## Problem
Restate the following data in its entirety, word for word and without images.

## The data
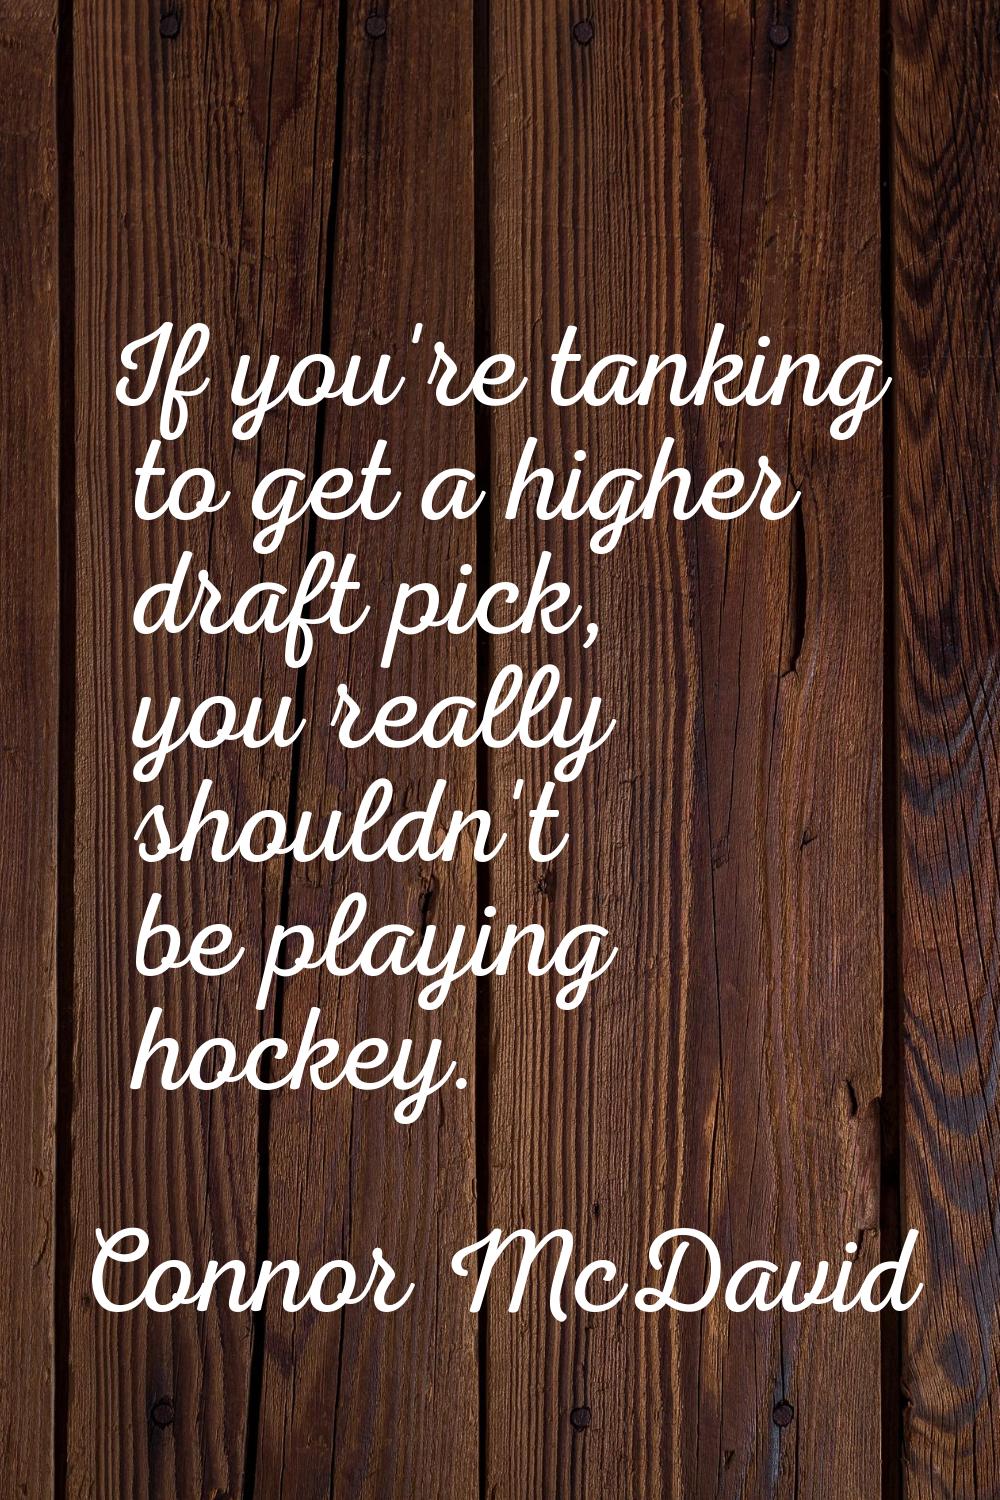 If you're tanking to get a higher draft pick, you really shouldn't be playing hockey.
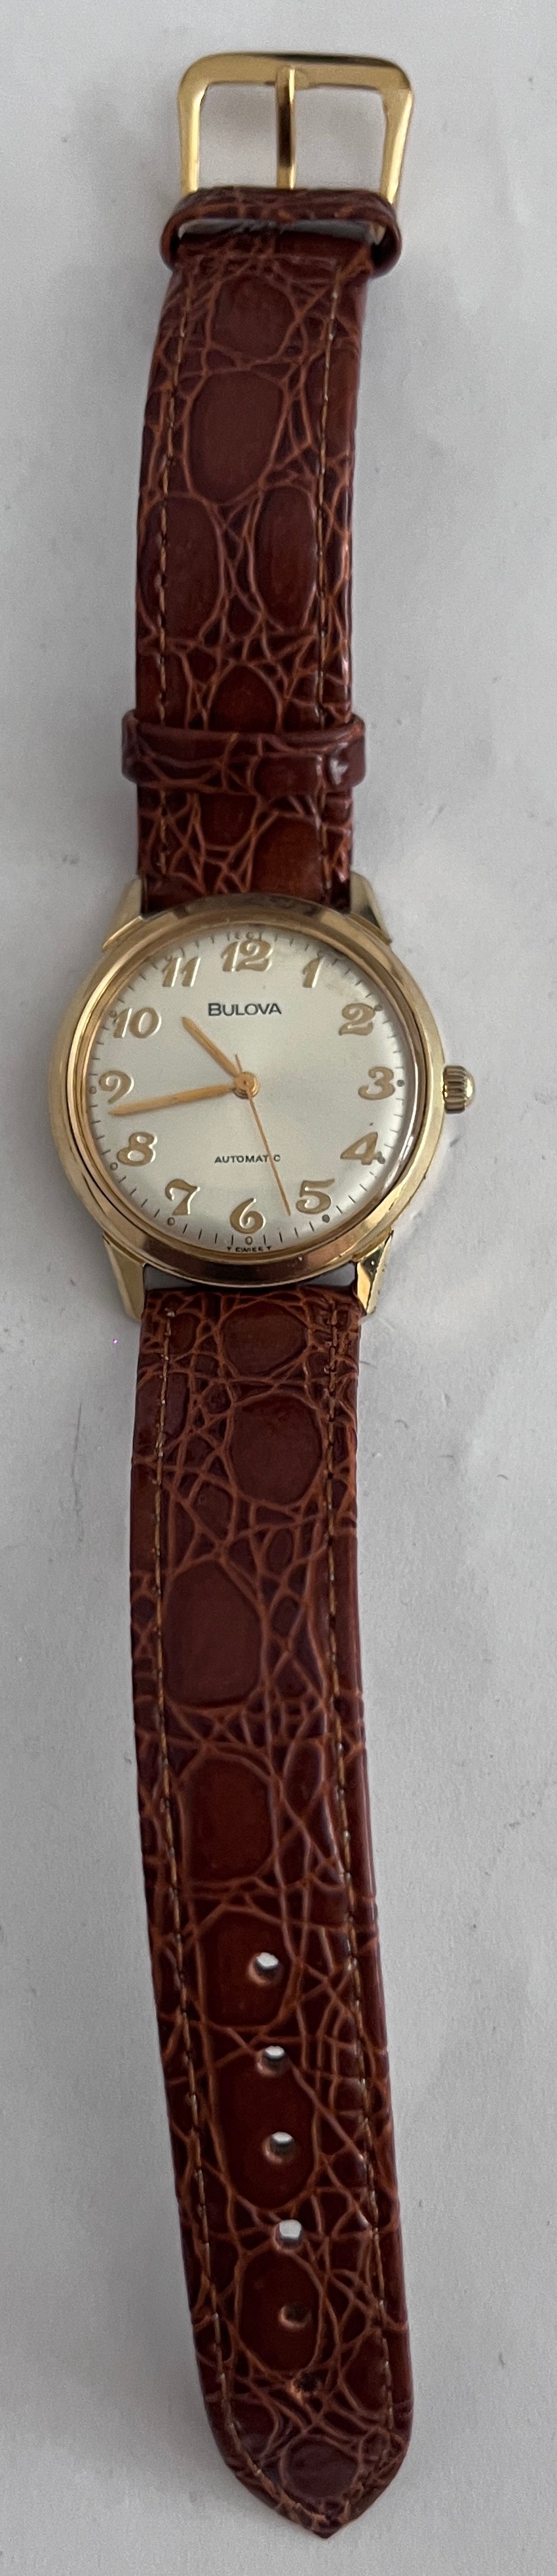 A 1974 vintage automatic Bulova wristwatch, gold plated on brown leather strap with silver face. - Bild 2 aus 5
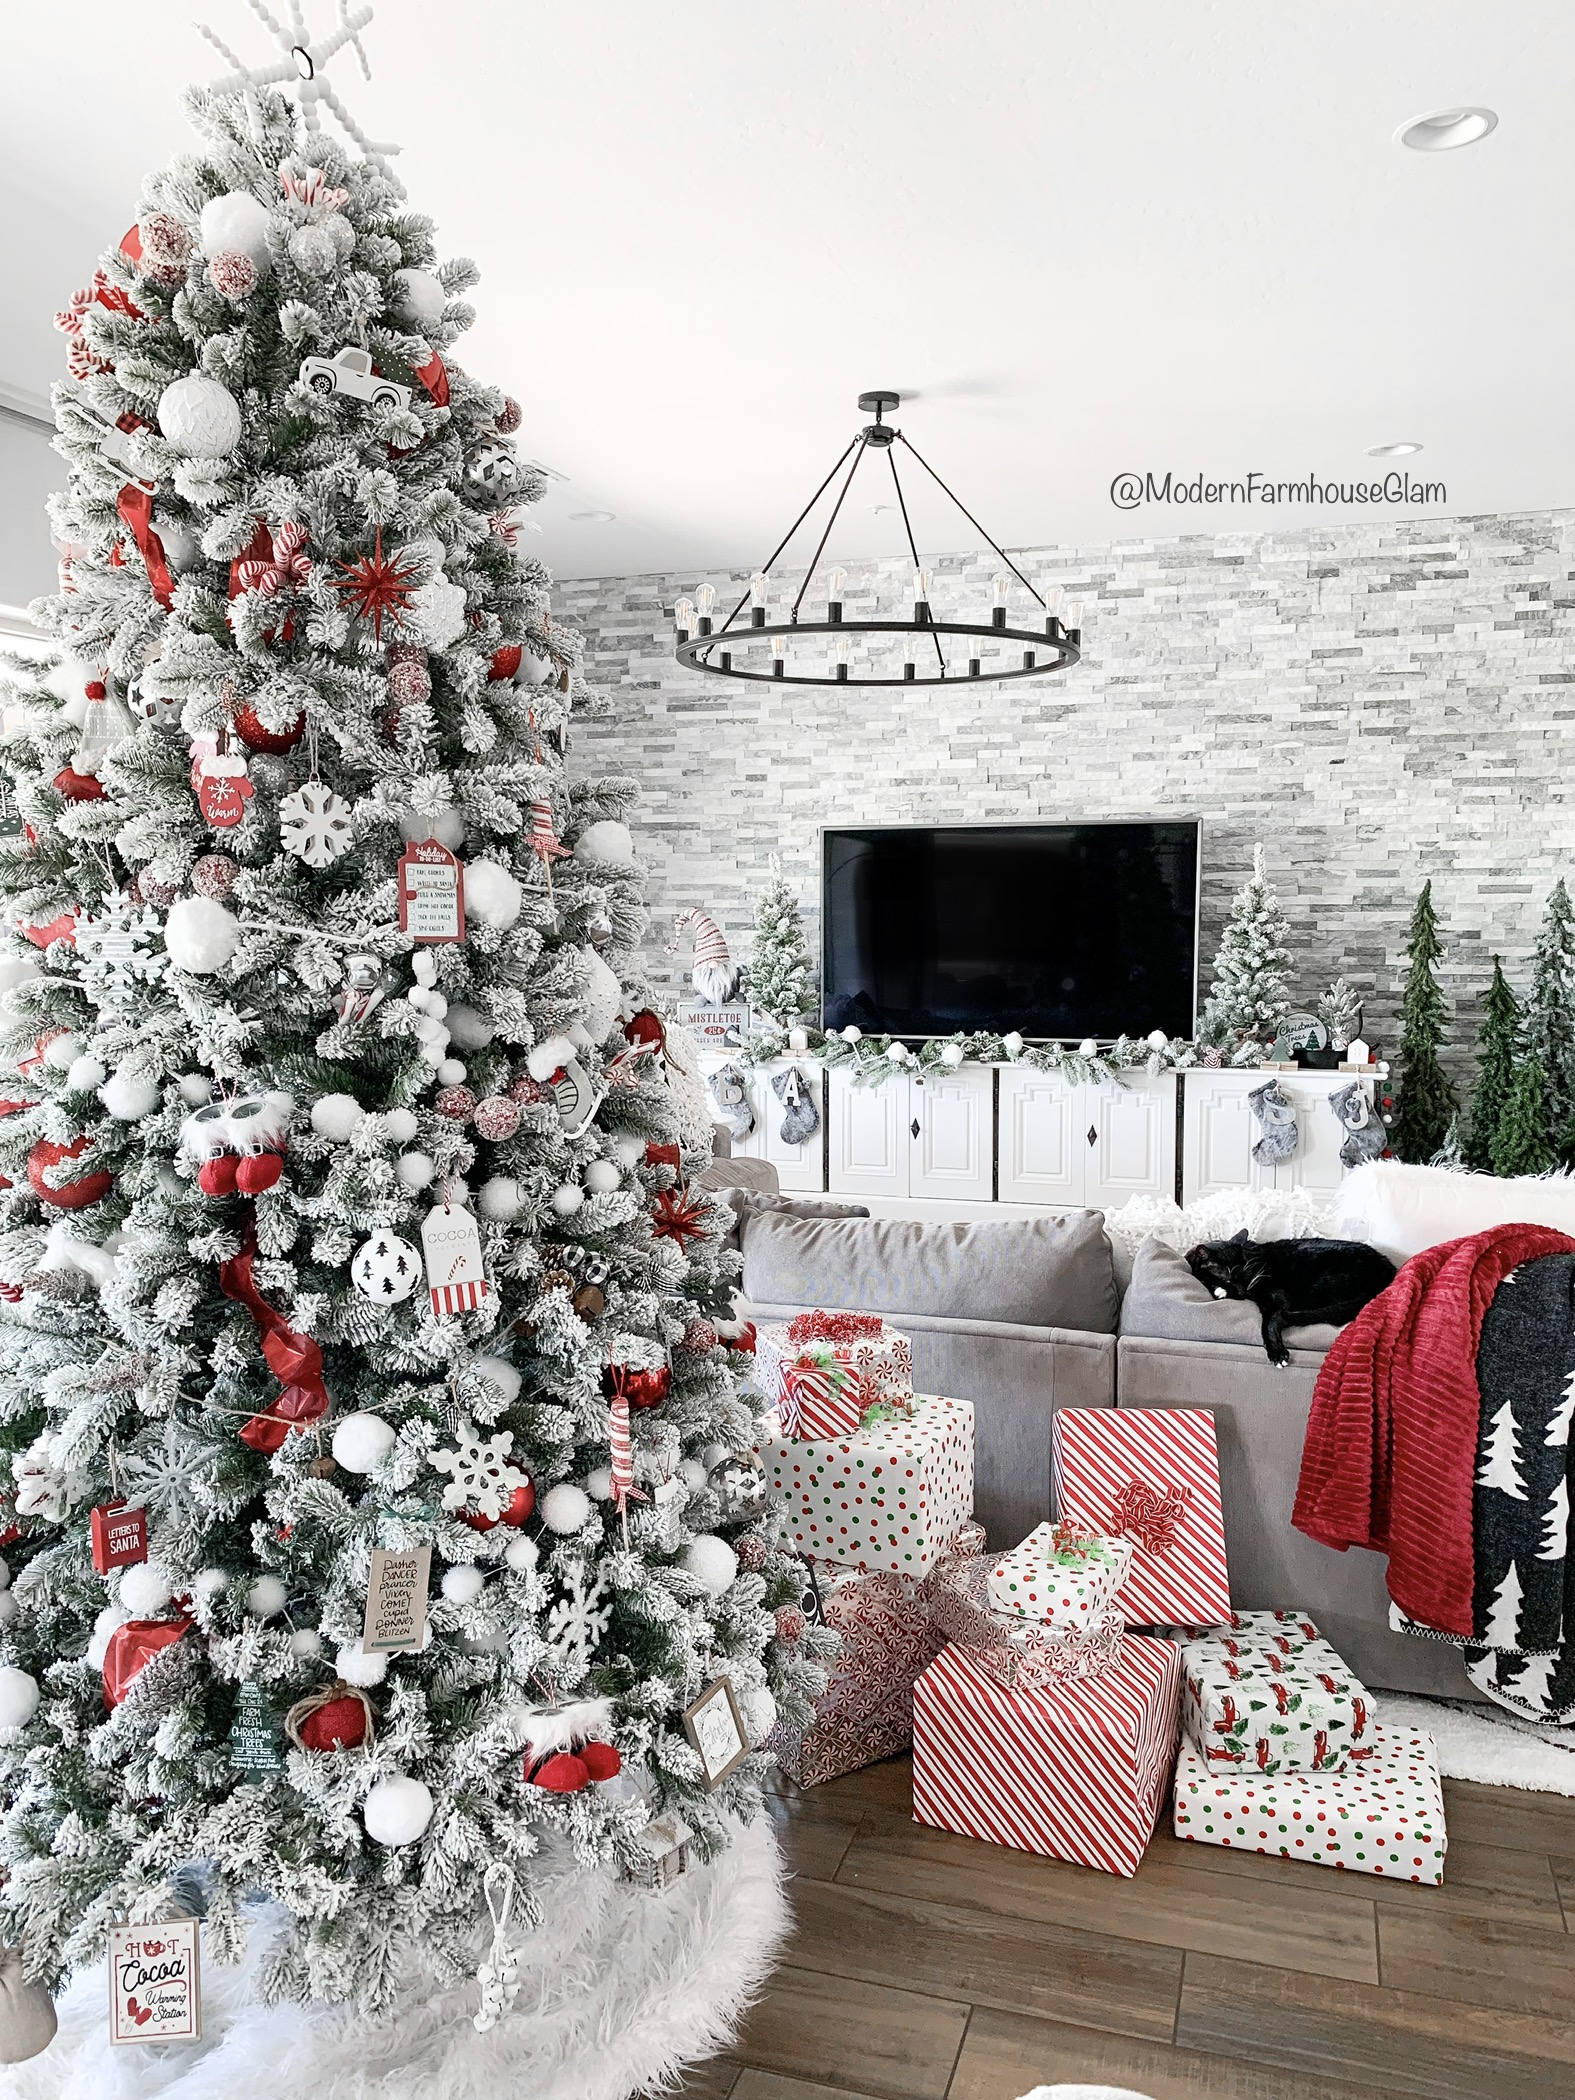 How beautiful is this flocked Christmas Tree decorated with

## Your response
 If you're tanking to get a higher draft pick, you really shouldn't be playing hockey.
 A 1974 vintage automatic Bulova wristwatch, gold plated on brown leather strap with silver face. - Bild 2 aus 5
 How beautiful is this flocked Christmas Tree decorated with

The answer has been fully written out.